▶ [Problem to work on] Pictures stay out of the answer, but every line of the material must be restated exactly.

▶ [Source material]
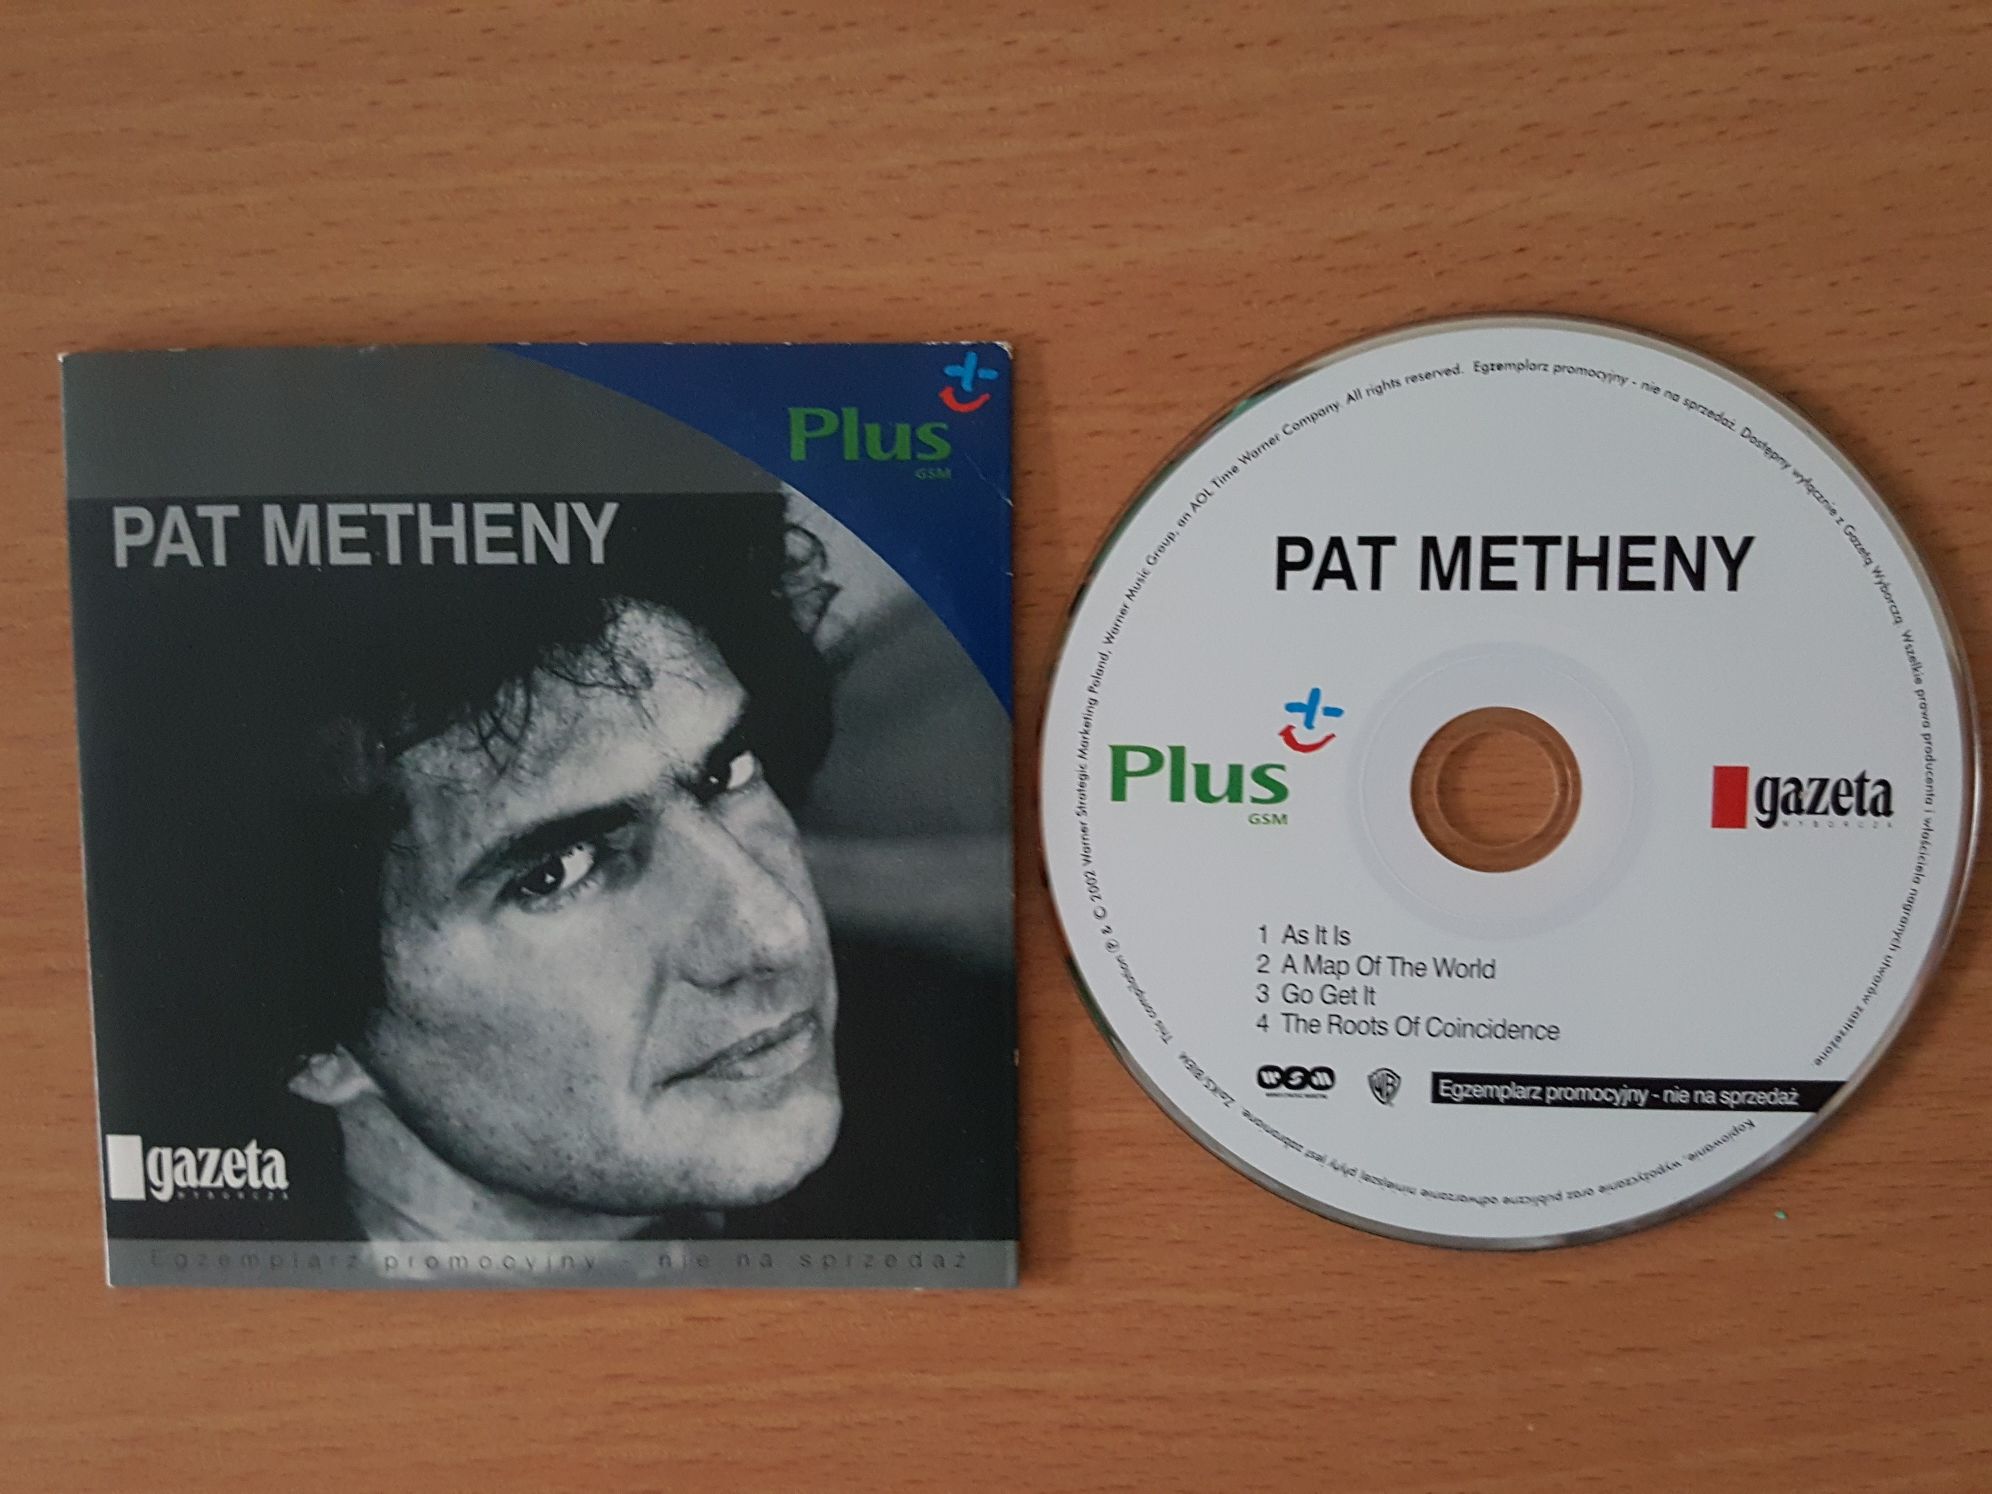 BIOGRAFIE znanych, kolekcja 7 płyt VCD/DVD + gratis Pat Metheny
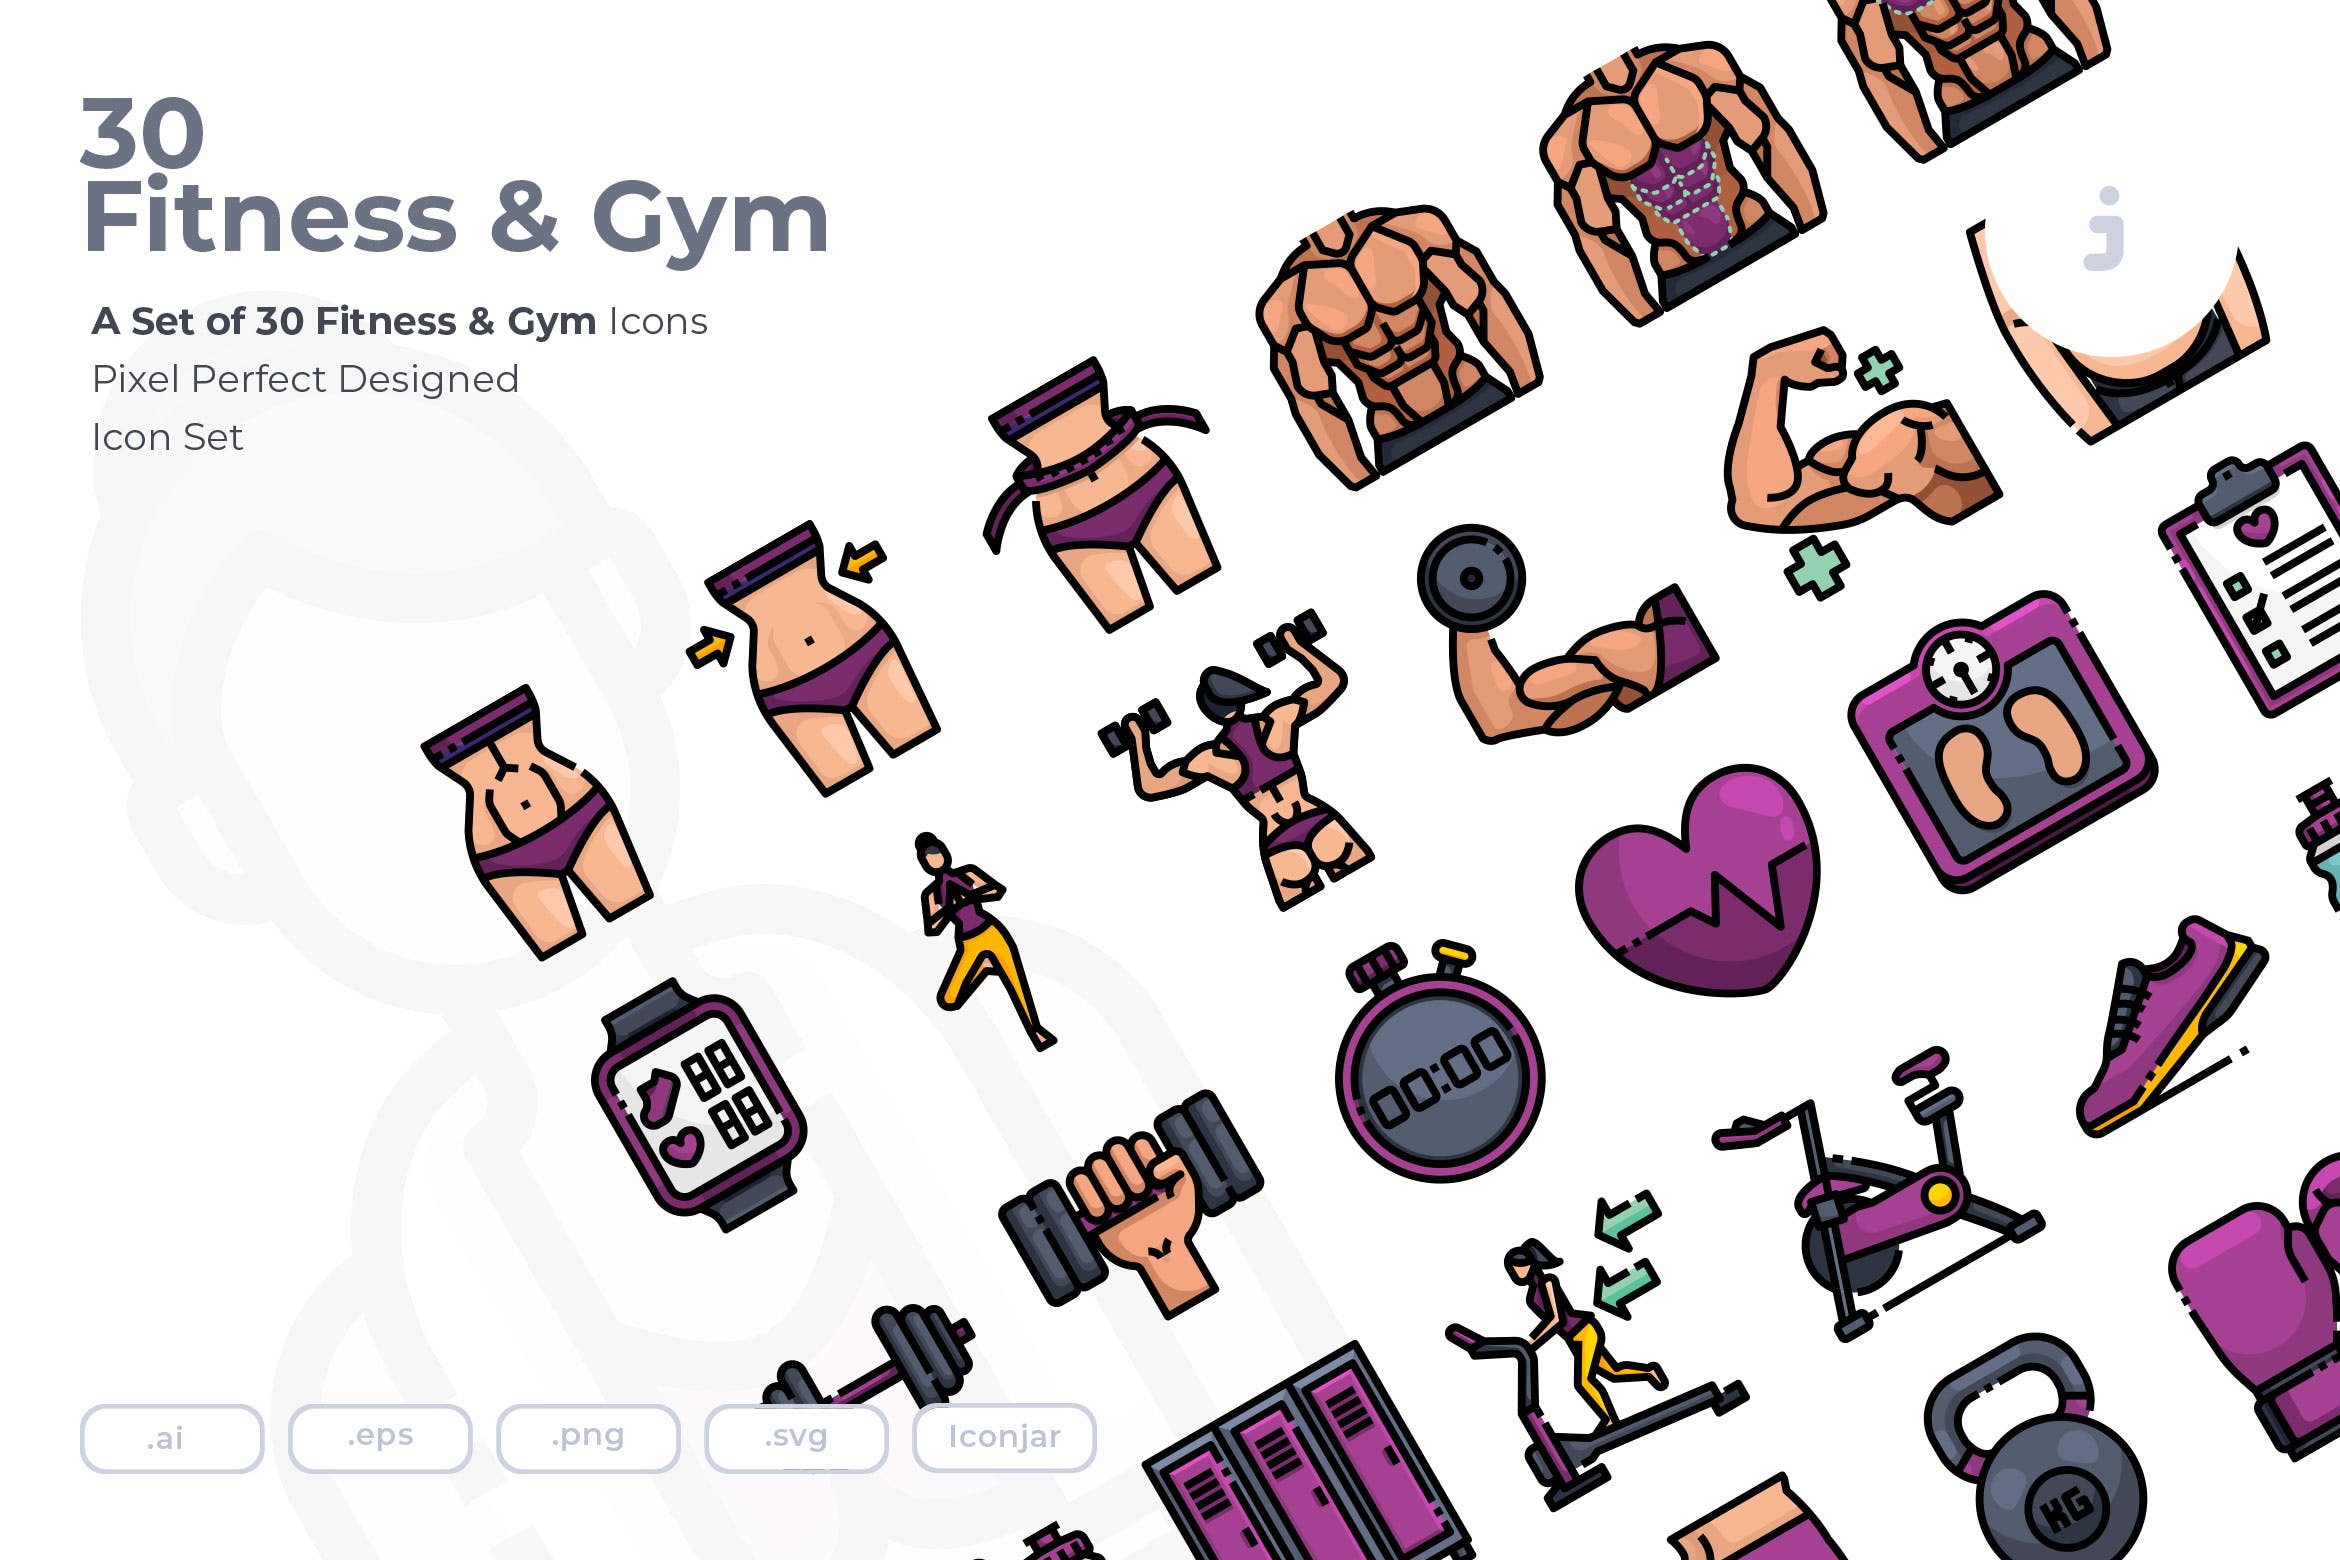 30枚健身运动主题矢量素材库精选图标 30 Fitness & Gym Icons插图
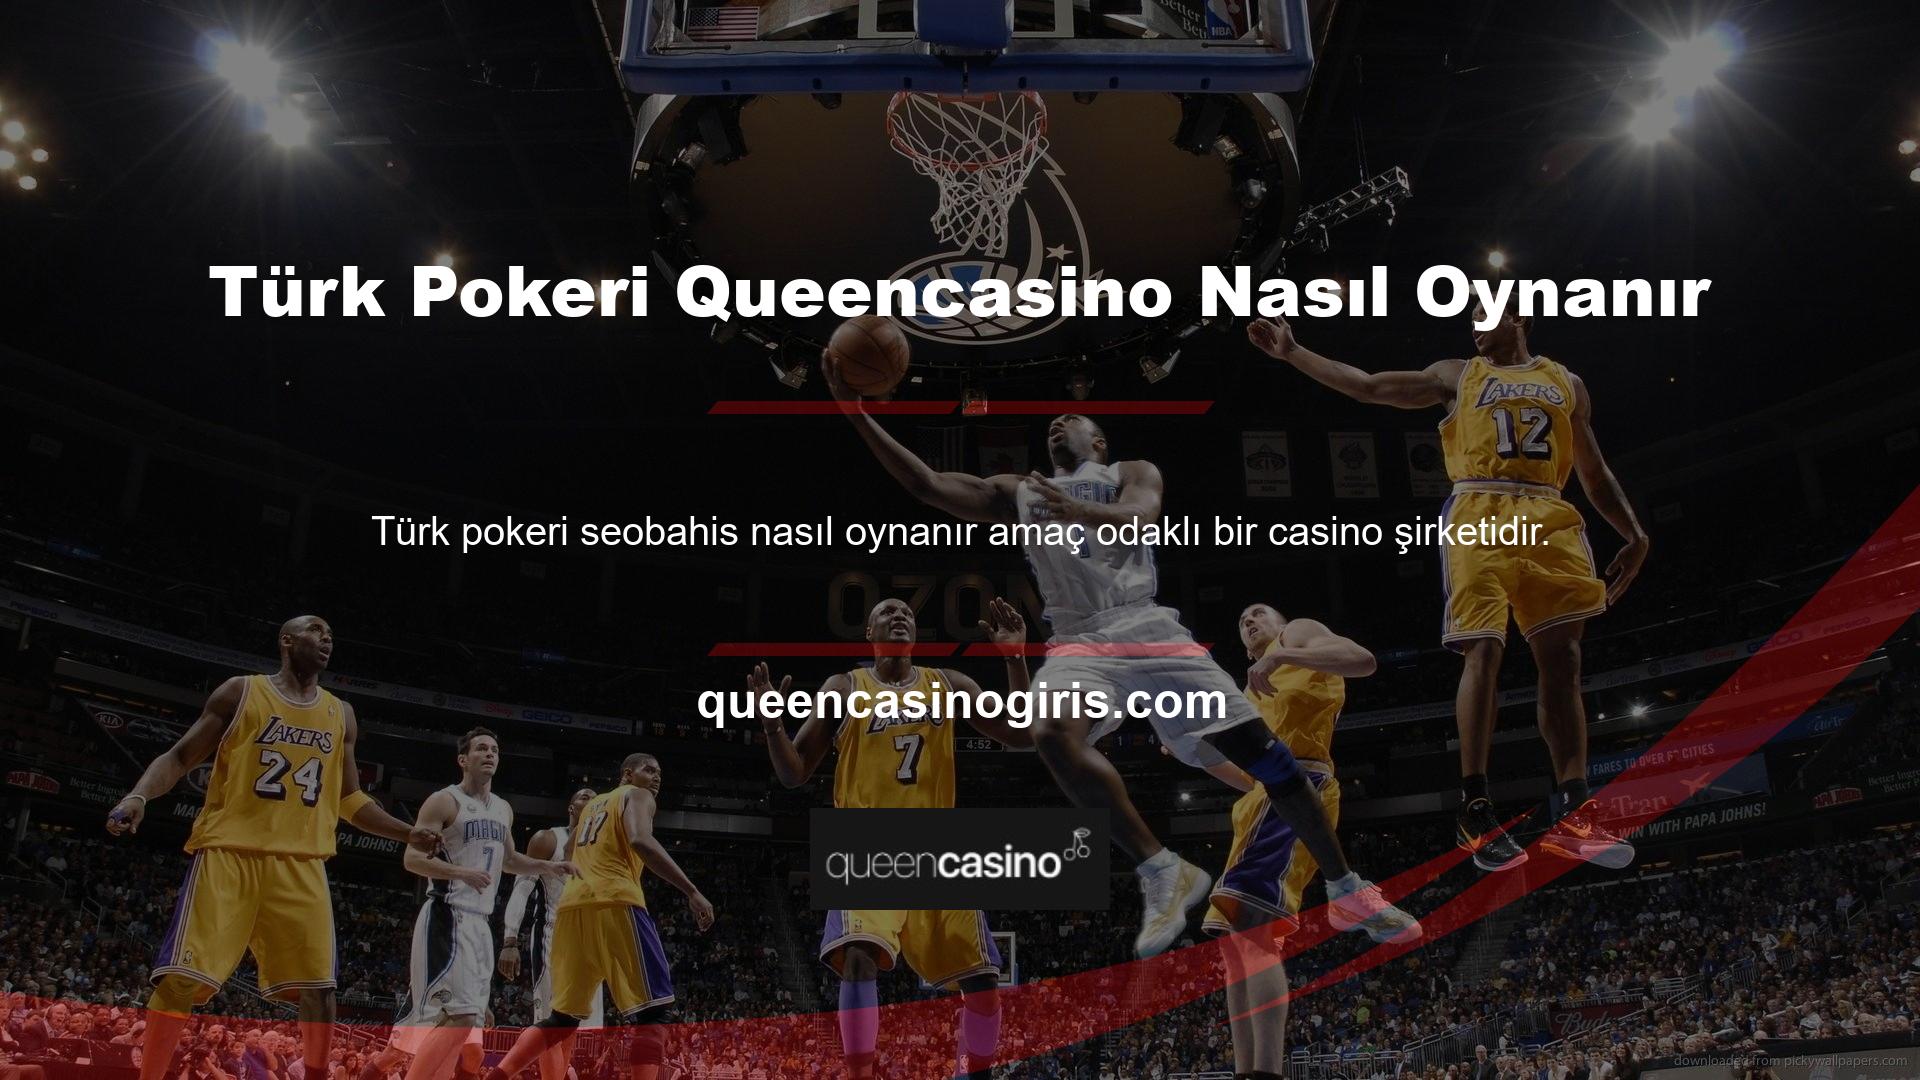 Türk Pokeri nasıl oynanır Oyuncular arasında popüler bir casino oyunu olan Queencasino, aynı zamanda Türk Pokeri oynama fırsatı da sunuyor

▶ [Response below]
 BIOGRAFIE znanych, kolekcja 7 płyt VCD/DVD + gratis Pat Metheny
 30枚健身运动主题矢量素材库精选图标 30 Fitness & Gym Icons插图
 Türk Pokeri nasıl oynanır Oyuncular arasında popüler bir casino oyunu olan Queencasino, aynı zamanda Türk Pokeri oynama fırsatı da sunuyor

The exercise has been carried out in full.